Crosbie at the first glance saw no one but the old gentleman and the old lady, and he immediately made for the unoccupied corner seat.
He was busy with his umbrella and his dressing-bag, and a little flustered by the pushing and hurrying. The carriage was actually in motion before he perceived that John Eames was opposite to him: Eames had, instinctively, drawn up his legs so as not to touch him.
He felt that he had become very red in the face, and to tell the truth, the perspiration had broken out upon his brow.
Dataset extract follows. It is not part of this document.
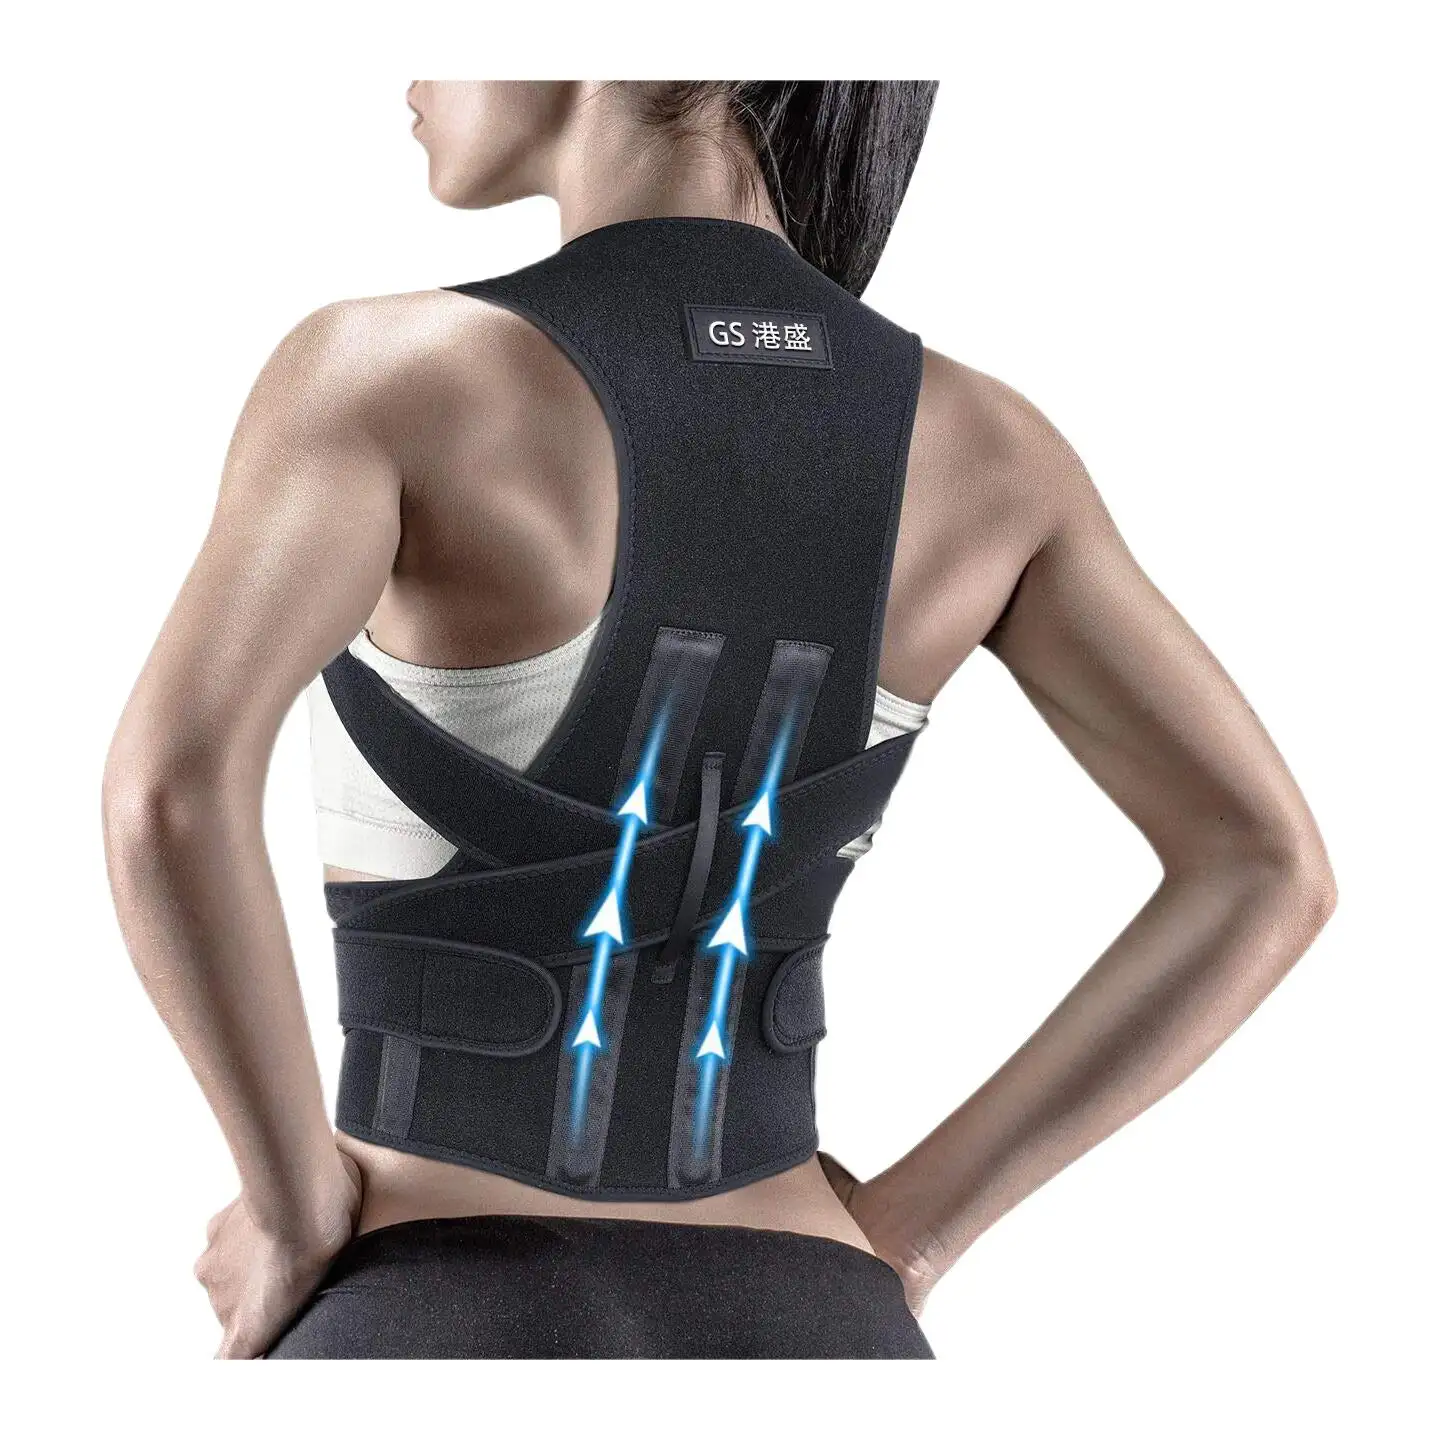 Banda de corrección de soporte para la parte superior de la espalda, Corrector de postura para soporte de clavícula y espalda, unisex, venta al por mayor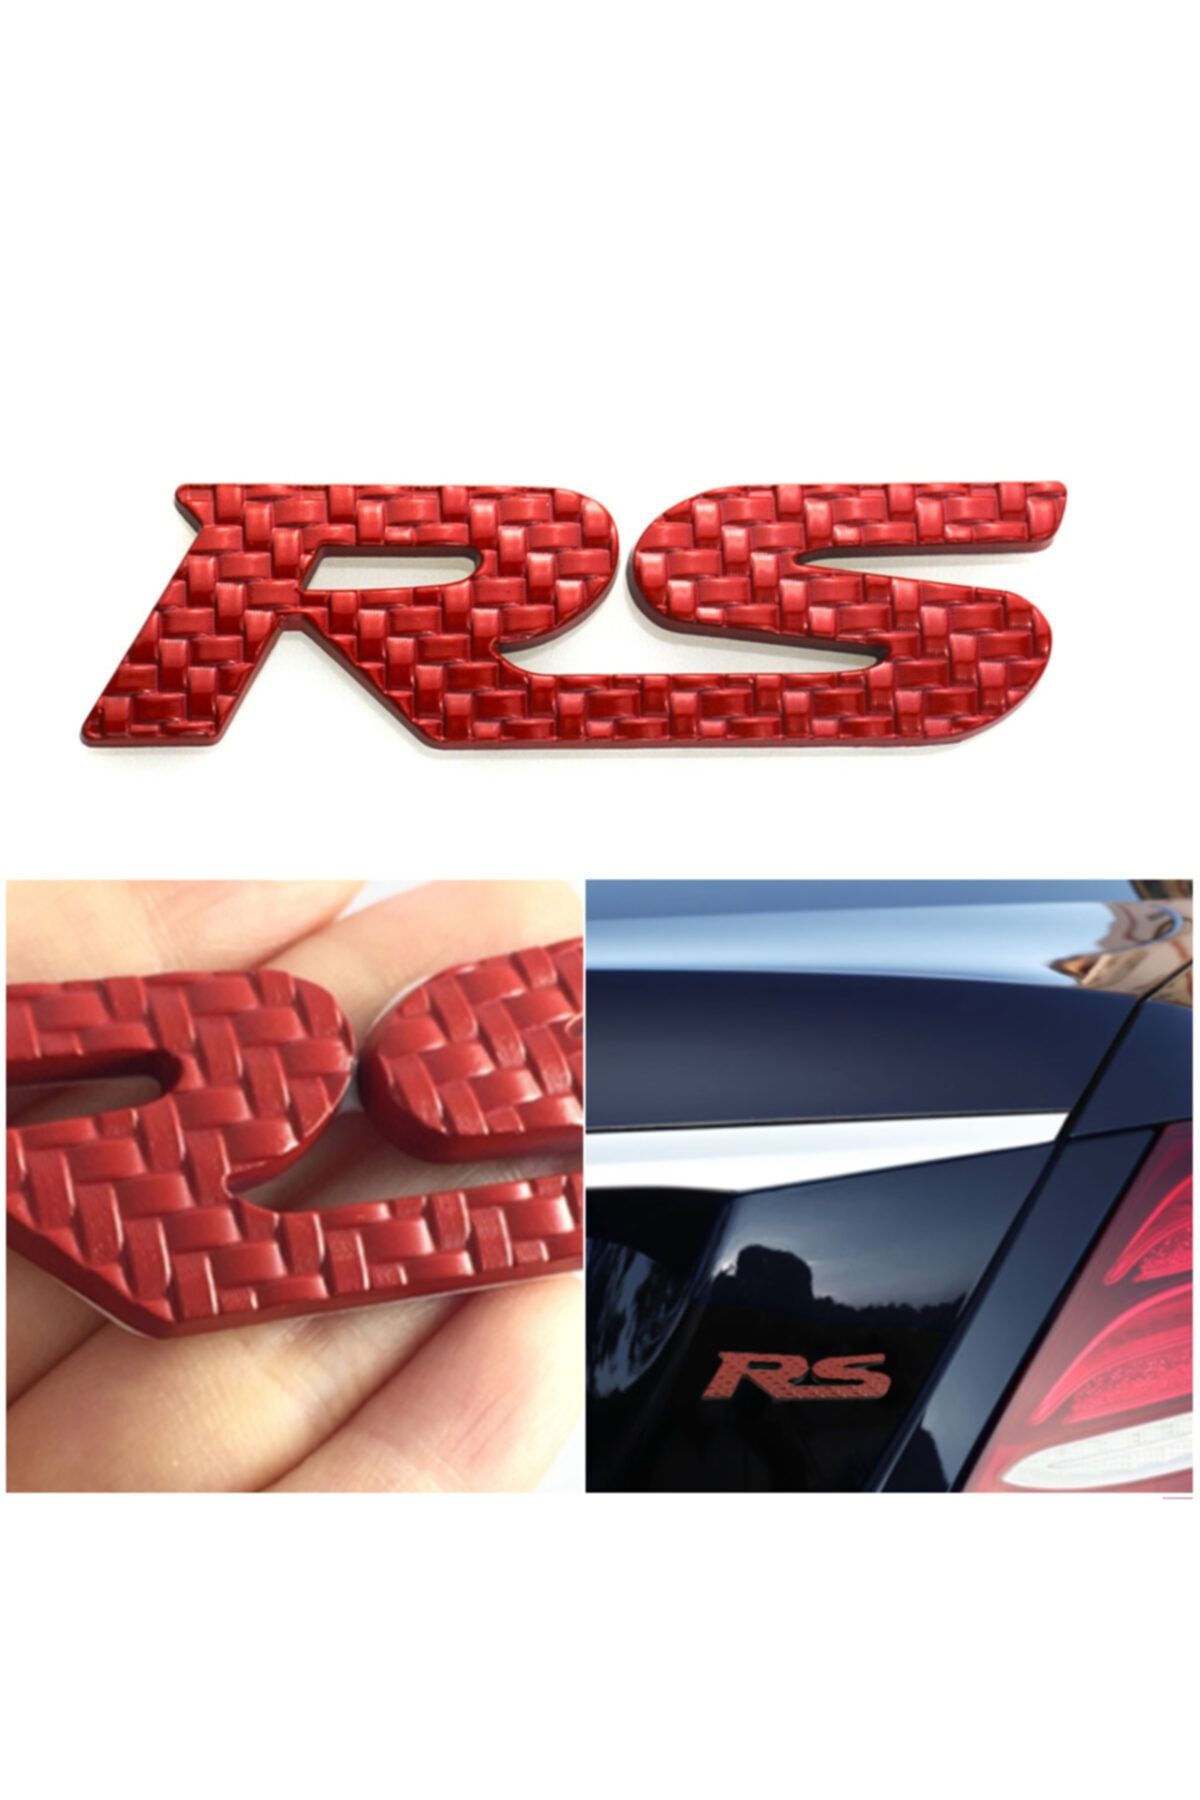 C9 Rs Kırmızı Karbon Krom Kaplama Renkli Paslanmaz Metal Arma Amblem Vernikli Sticker Yapışkanlı

It was a great occasion,--great in its imminent trouble, and great in its opportunity for action. How was he to carry himself at the first moment of his recognition by his enemy, and what was he to do afterwards?
It need hardly be explained that Crosbie had also been spending his Christmas with a certain earl of his acquaintance, and that he too was returning to his office. In one respect he had been much more fortunate than poor Eames, for he had been made happy with the smiles of his lady love. Alexandrina and the countess had fluttered about him softly, treating him as a tame chattel, now belonging to the noble house of De Courcy, and in this way he had been initiated into the inner domesticities of that illustrious family. The two extra men-servants, hired to wait upon Lady Dumbello, had vanished. The champagne had ceased to flow in a perennial stream. Lady Rosina had come out from her solitude, and had preached at him constantly. Lady Margaretta had given him some lessons in economy. The Honourable John, in spite of a late quarrel, had borrowed five pounds from him.
The Honourable George had engaged to come and stay with his sister during the next May. The earl had used a father-in-law's privilege, and had called him a fool. Lady Alexandrina had told him more than once, in rather a tart voice, that this must be done, and that that must be done; and the countess had given him her orders as though it was his duty, in the course of nature, to obey every word that fell from her. Such had been his Christmas delights; and now, as he returned back from the enjoyment of them, he found himself confronted in the railway carriage with Johnny Eames!
The eyes of the two met, and Crosbie made a slight inclination of his head. To this Eames gave no acknowledgment whatever, but looked straight into the other's face. Crosbie immediately saw that they were not to know each other, and was well contented that it should be so. Among all his many troubles, the enmity of John Eames did not go for much. He showed no appearance of being disconcerted, though our friend had shown much. He opened his bag, and taking out a book was soon deeply engaged in it, pursuing his studies as though the man opposite was quite unknown to him. I will not say that his mind did not run away from his book, for indeed there were many things of which he found it impossible not to think; but it did not revert to John Eames. Indeed, when the carriages reached Paddington, he had in truth all but forgotten him; and as he stepped out of the carriage, with his bag in his hand, was quite free from any remotest trouble on his account.
But it had not been so with Eames himself. Every moment of the journey had for him been crowded with thought as to what he would do now that chance had brought his enemy within his reach. He had been made quite wretched by the intensity of his thinking; and yet, when the carriages stopped, he had not made up his mind. His face had been covered with perspiration ever since Crosbie had come across him, and his limbs had hardly been under his own command. Here had come to him a great opportunity, and he felt so little confidence in himself that he almost knew that he would not use it properly. Twice and thrice he had almost flown at Crosbie's throat in the carriage, but he was restrained by an idea that the world and the police would be against him if he did such a thing in the presence of that old lady.
But when Crosbie turned his back upon him, and walked out, it was absolutely necessary that he should do something. He was not going to let the man escape, after all that he had said as to the expediency of thrashing him. Any other disgrace would be preferable to that.